Your assignment:
For this exercise, write out only the lines of the entries below from the one with "Удобрение Pokon для" up to and including the one with "Panorámicas desde la", exactly as they are. Pictures stay out.

Given records:
....
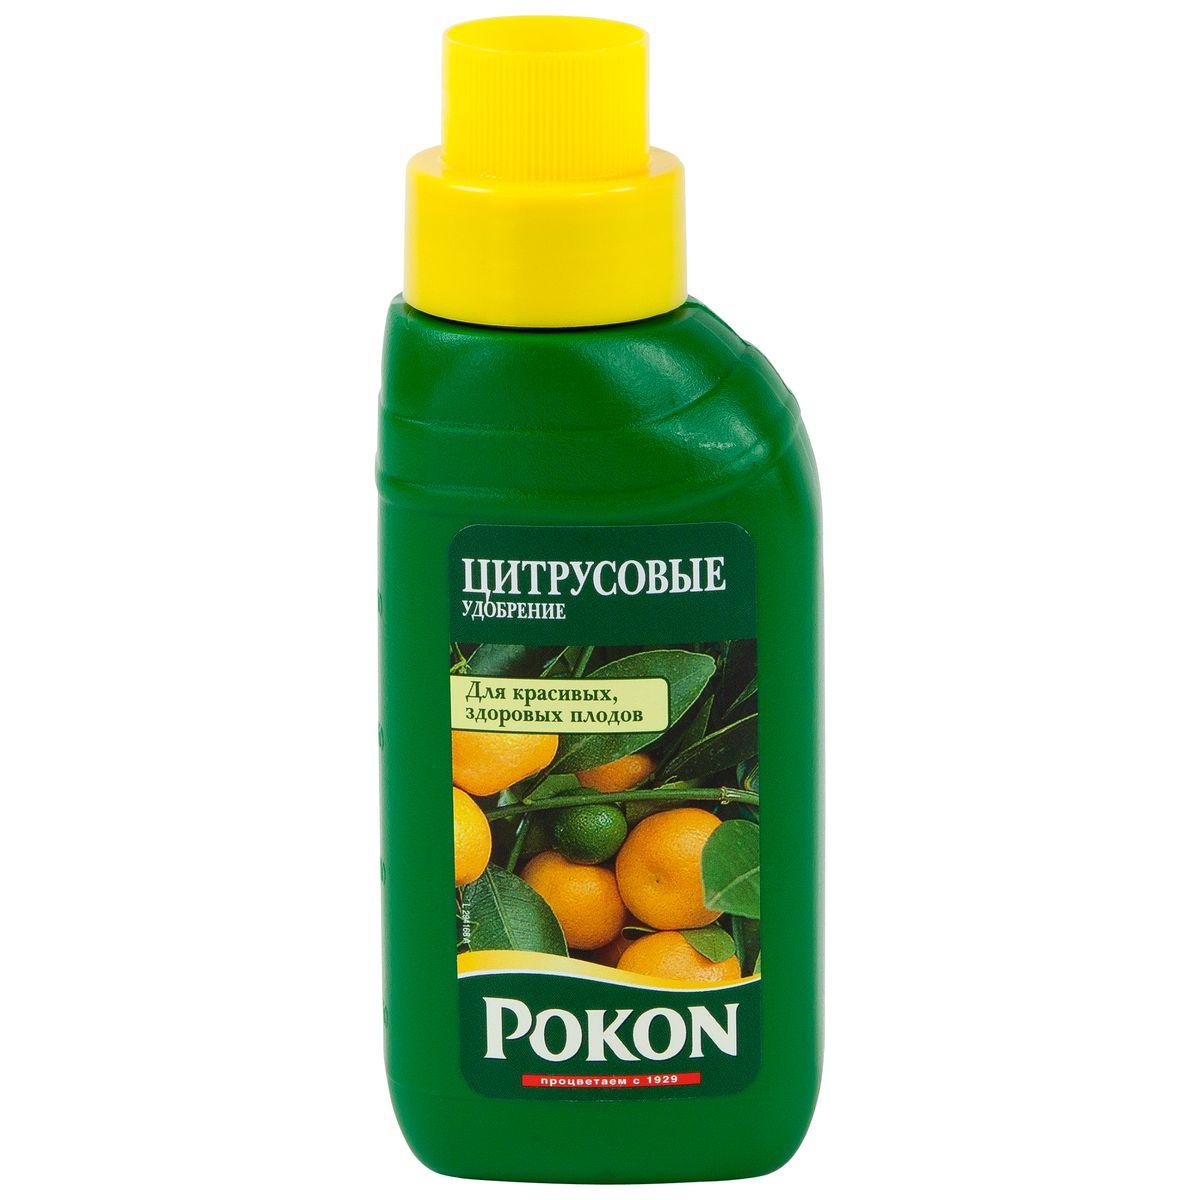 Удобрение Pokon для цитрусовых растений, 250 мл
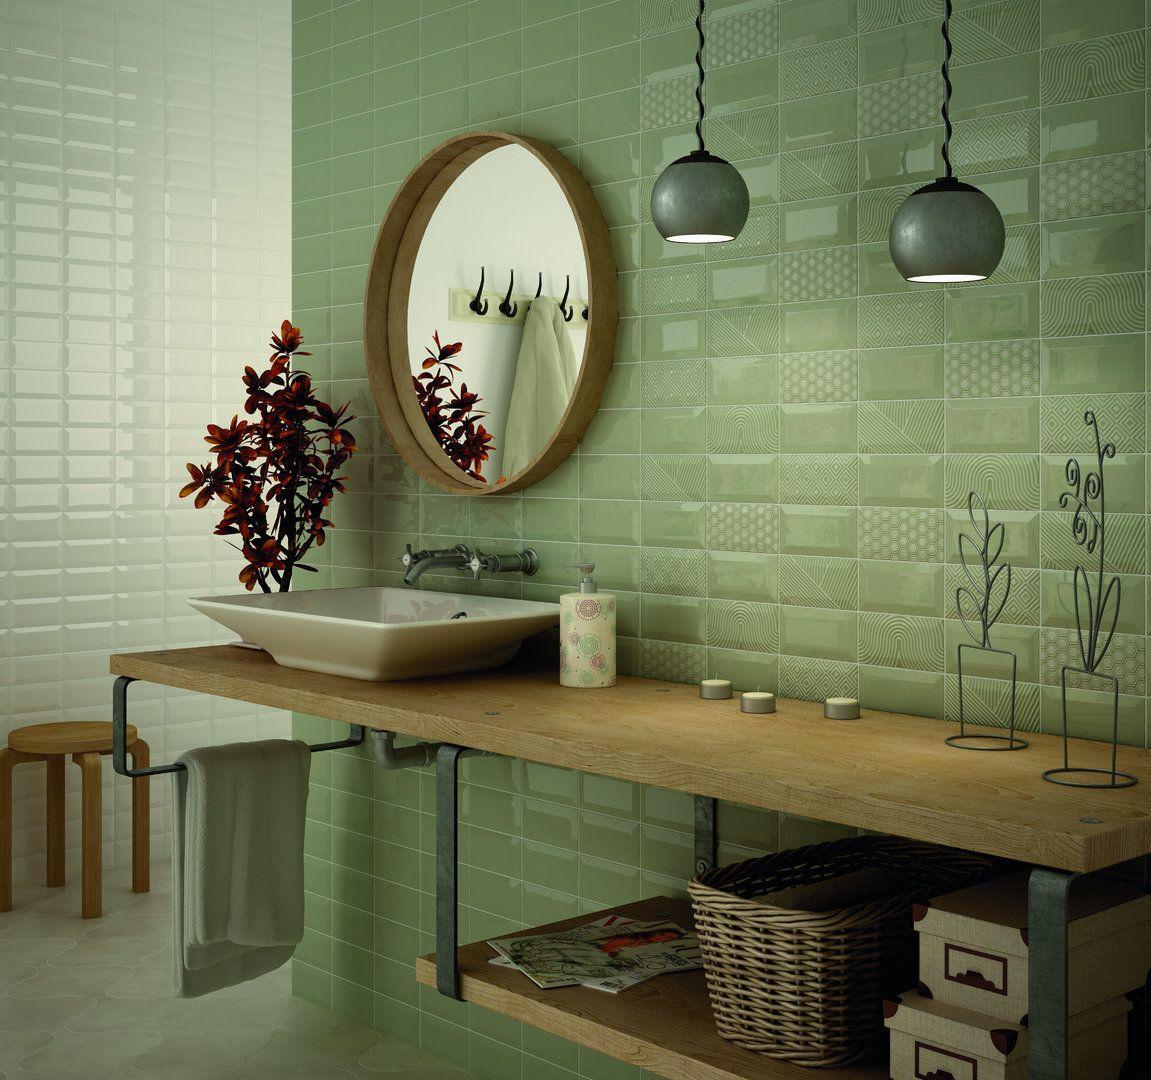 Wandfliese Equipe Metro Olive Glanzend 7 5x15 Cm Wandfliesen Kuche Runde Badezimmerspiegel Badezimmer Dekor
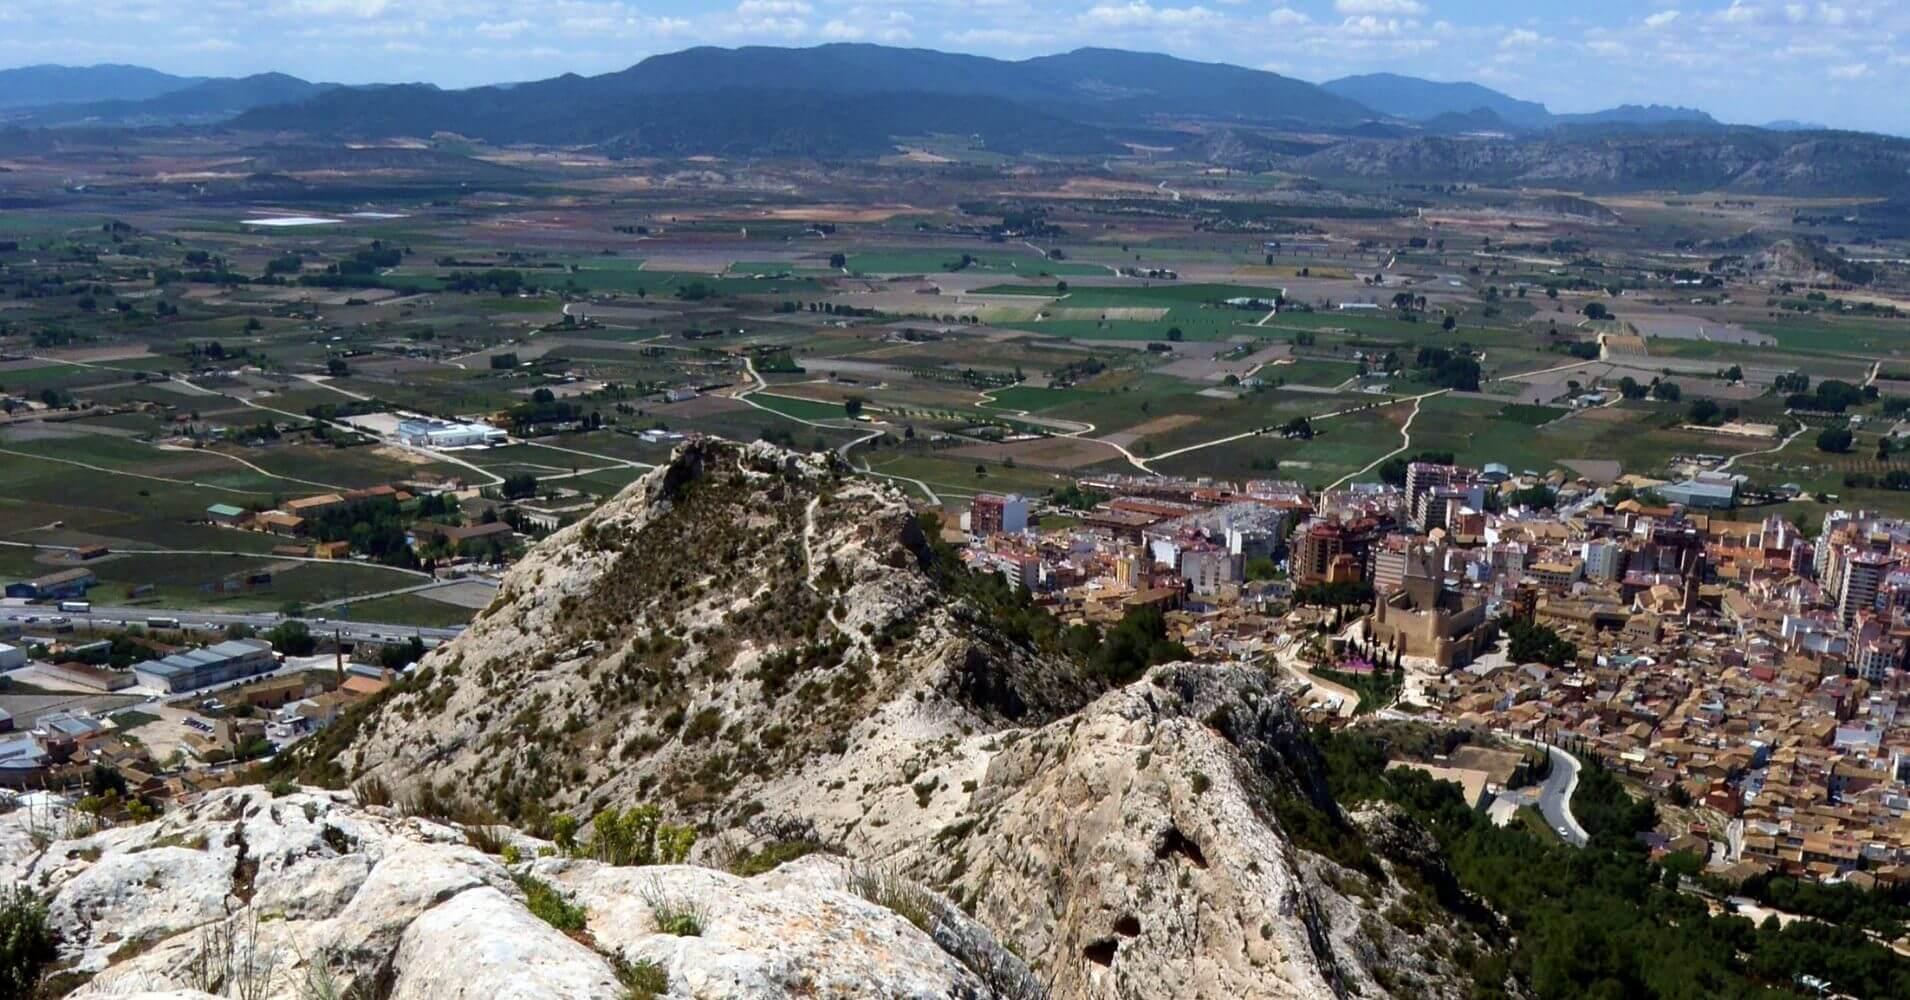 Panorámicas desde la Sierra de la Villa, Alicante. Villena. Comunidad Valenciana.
....
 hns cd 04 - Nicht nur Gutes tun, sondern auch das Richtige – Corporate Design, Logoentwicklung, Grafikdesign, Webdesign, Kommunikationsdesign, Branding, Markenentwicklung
....
Your solution:
 Удобрение Pokon для цитрусовых растений, 250 мл
 Wandfliese Equipe Metro Olive Glanzend 7 5x15 Cm Wandfliesen Kuche Runde Badezimmerspiegel Badezimmer Dekor
 Panorámicas desde la Sierra de la Villa, Alicante. Villena. Comunidad Valenciana.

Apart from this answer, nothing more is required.